Every year, huge quantities of date palm fibers (DPF) are produced and wasted all over the world. Using this natural fiber as raw material would contribute to the valorization of natural sustainable resources. This paper presents an experimental investigation of a new eco-material based on date palm fiber and lime. The experiments on the elaborated material investigate some mechanical, thermal, acoustic properties and moisture buffering capacity. The influence of the fiber/lime ratio on the behavior of the lightweight aggregate was studied systematically. The results of compressive strength testing indicated that PDF incorporation led to a reduction in resistance limit, however, the recorded average values are still acceptable. Also, it was observed that the thermal conductivity is sensitive to the variation of the fiber/lime composition ratio.
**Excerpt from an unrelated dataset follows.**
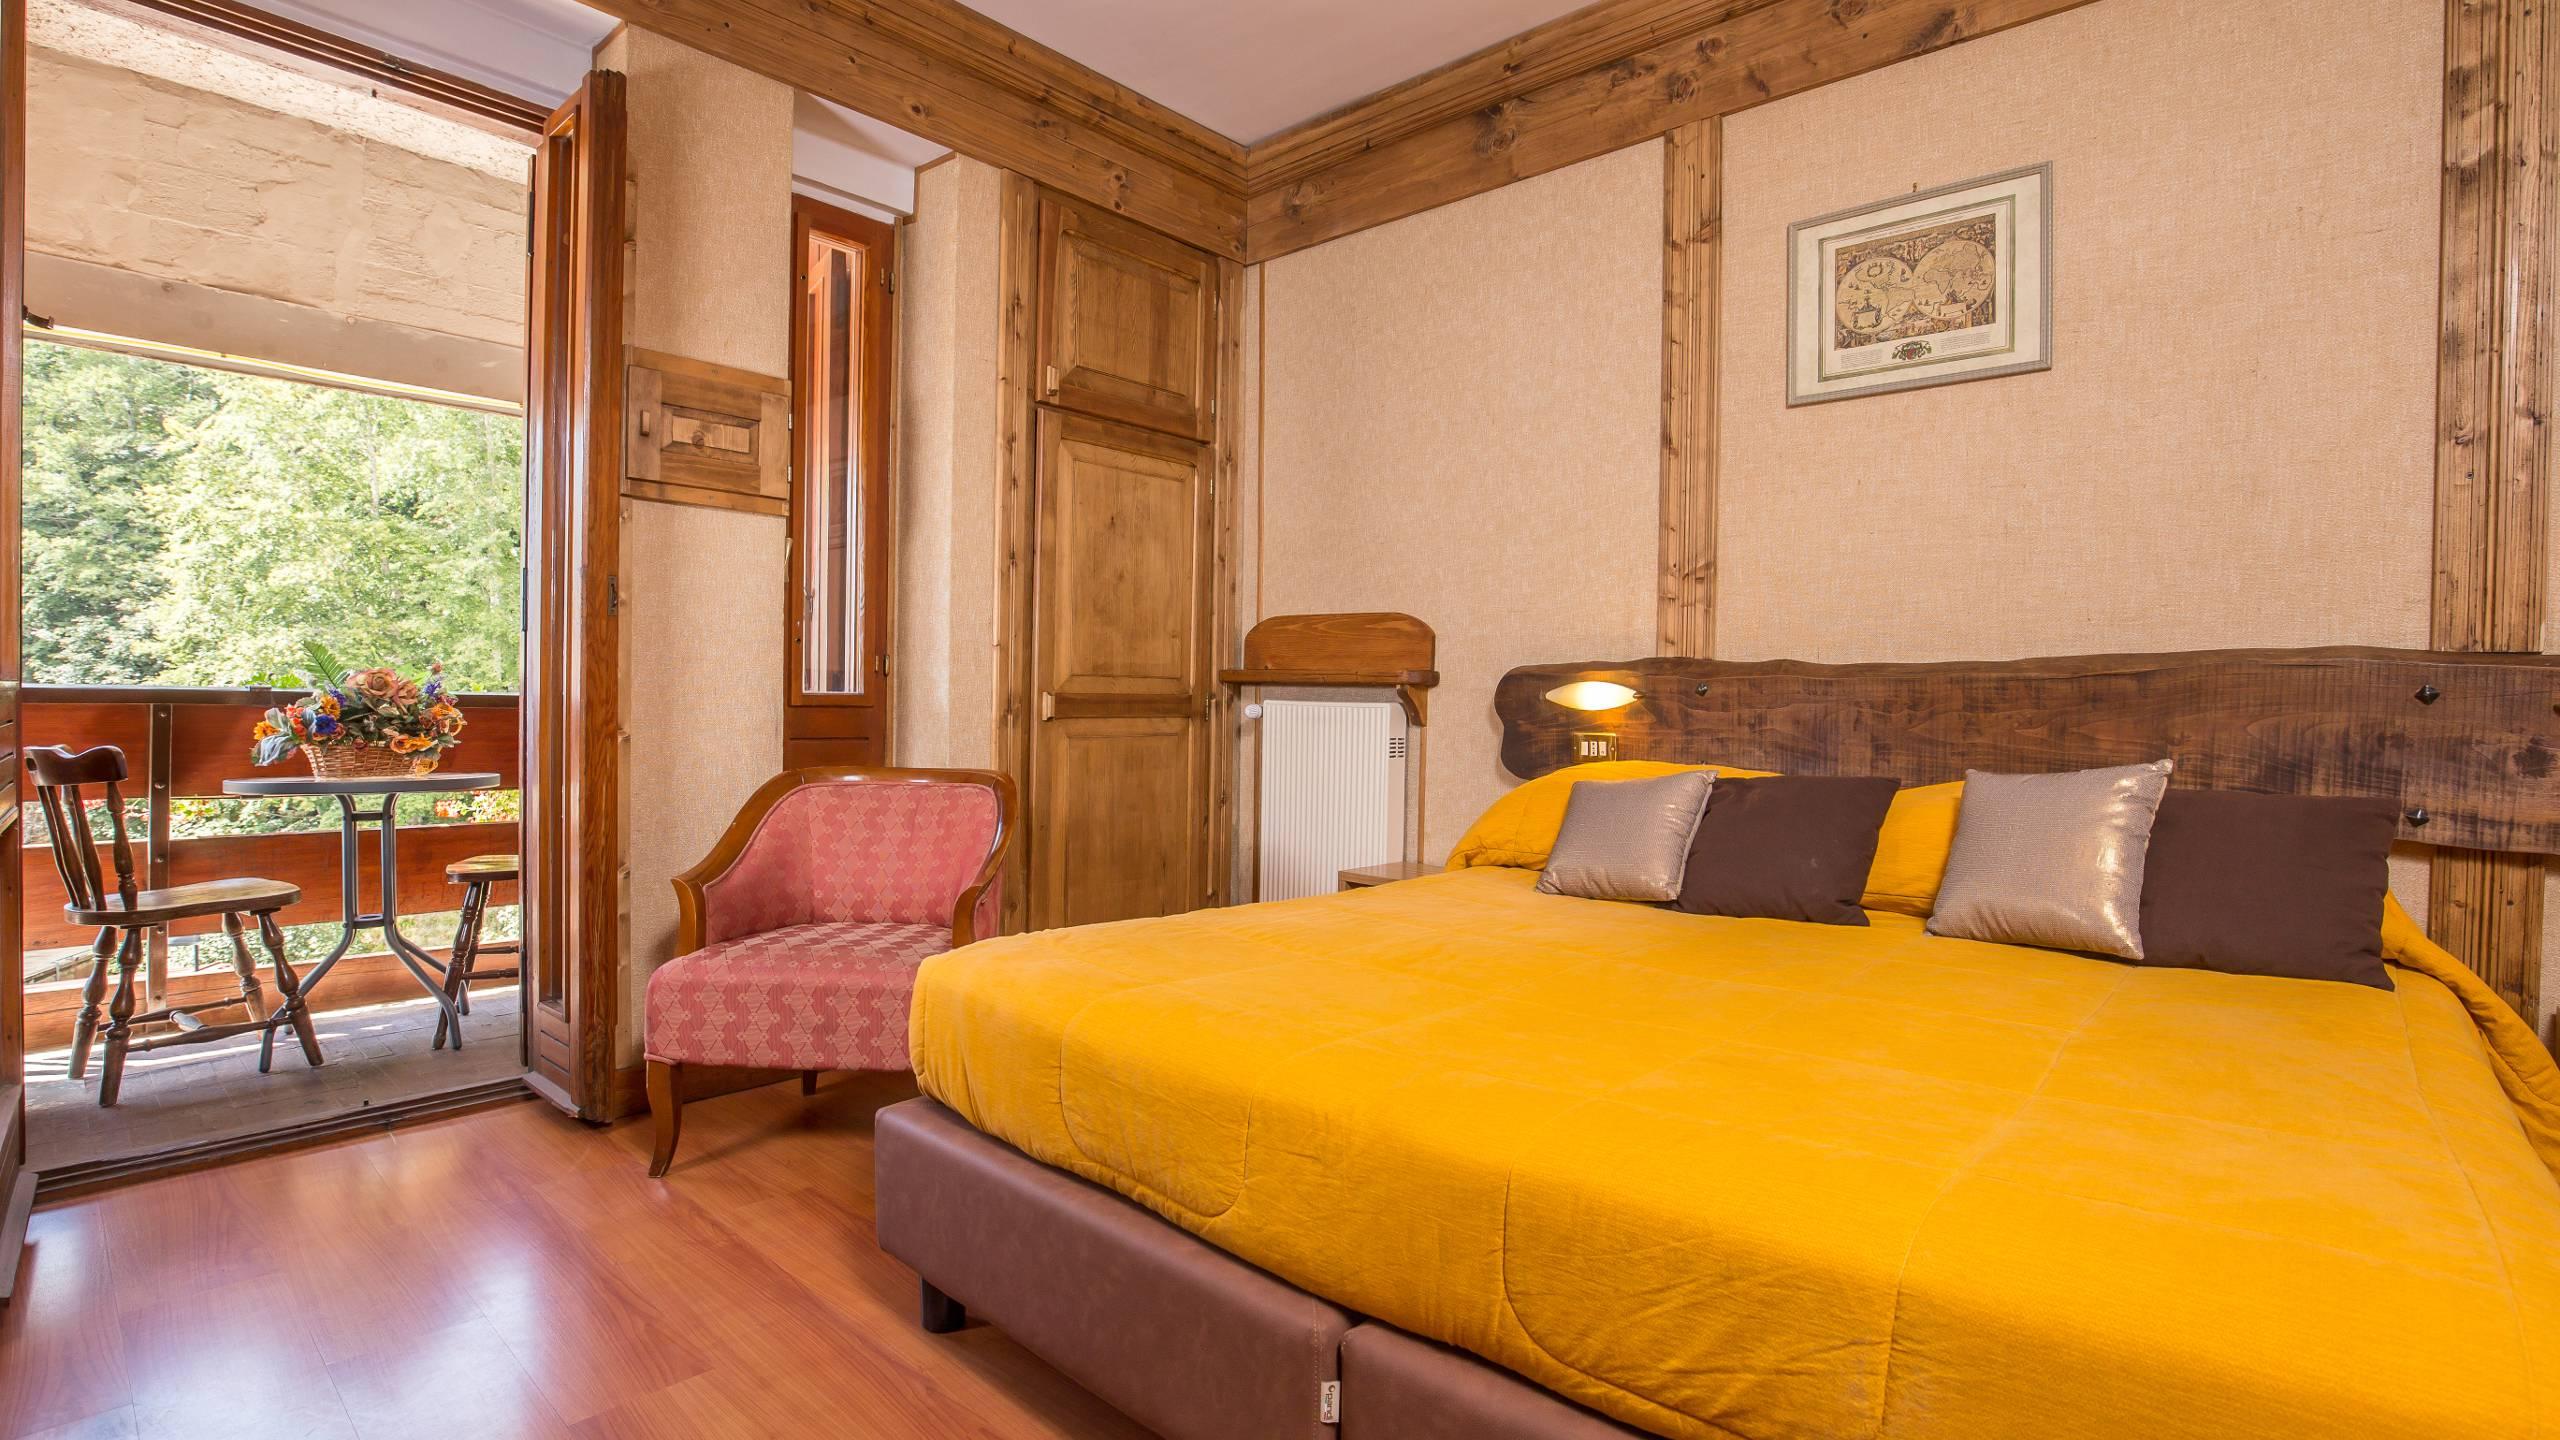 Hotel-Togo-Palace-Terminillo-Rieti-camera-055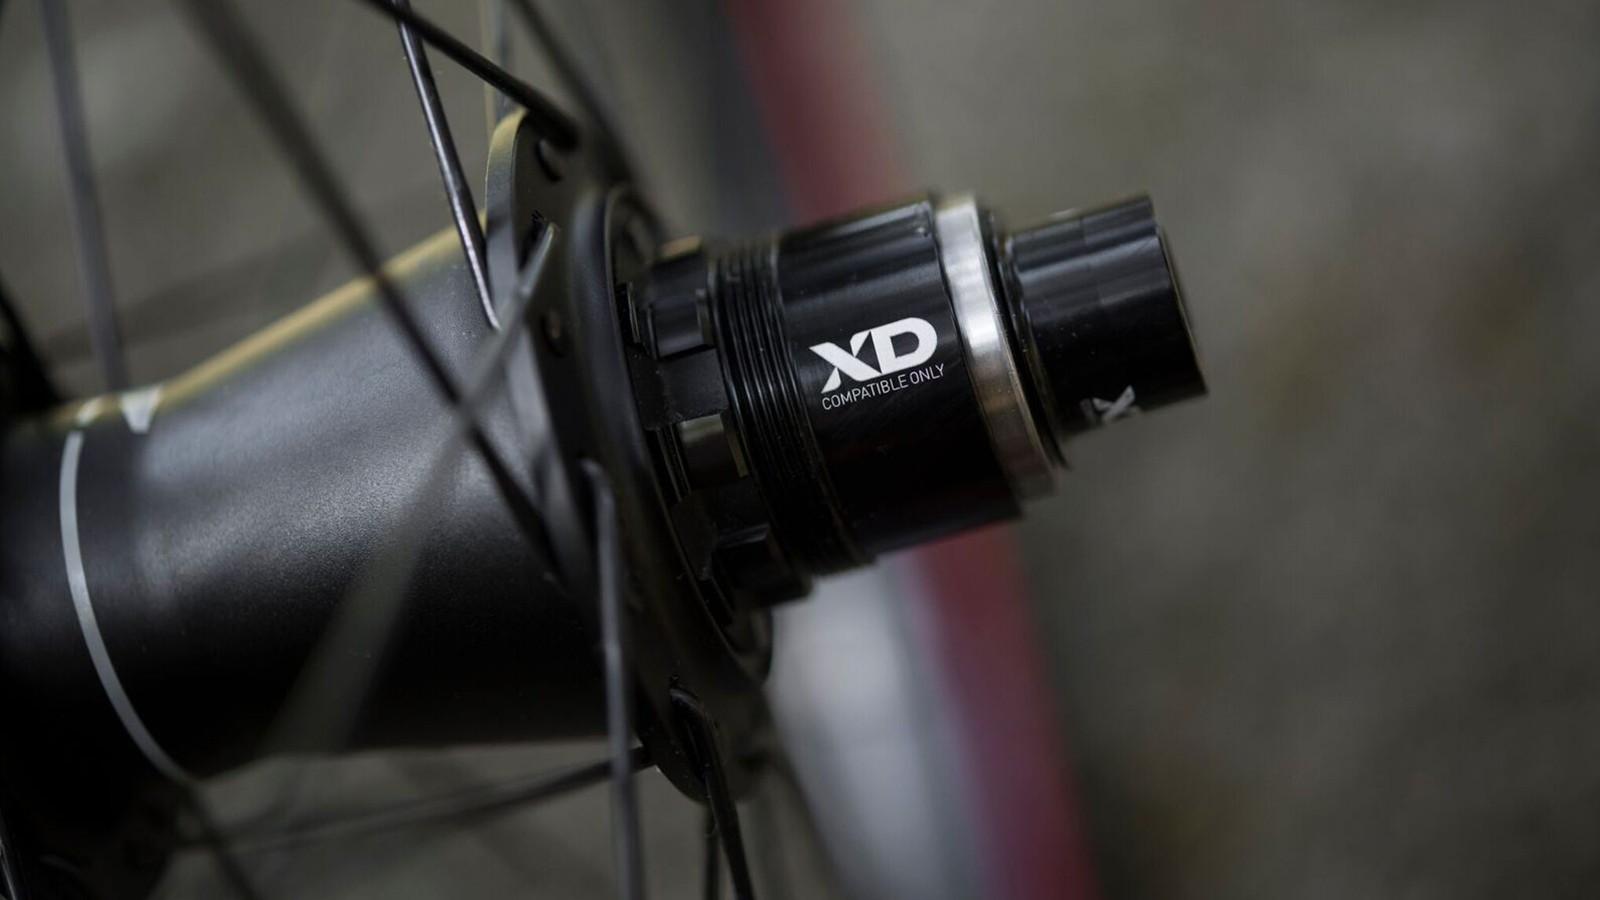 The wheels use 32 J-bend spokes on Zipp ZM1 hubs

The measured thermal conductivity reached a minimum of 0.091?W/m.K for samples of 50% fiber, which indicates that it can be used as a good thermal insulator. With regard to the sound absorption, the new material reveals good absorption capacity based on the measured sound absorption coefficient which is for 50% of fiber: for medium and high frequencies 0.65 and 0.55 respectively. Due to its porous morphology, the proposed material has the ability to absorb water vapor in a high relative humidity environment and to restore it in a dry one. Hence, it could therefore act as a hygric regulator. Measurements of moisture buffer value revealed that the material is classified as good or excellent depending on the percentage of fiber.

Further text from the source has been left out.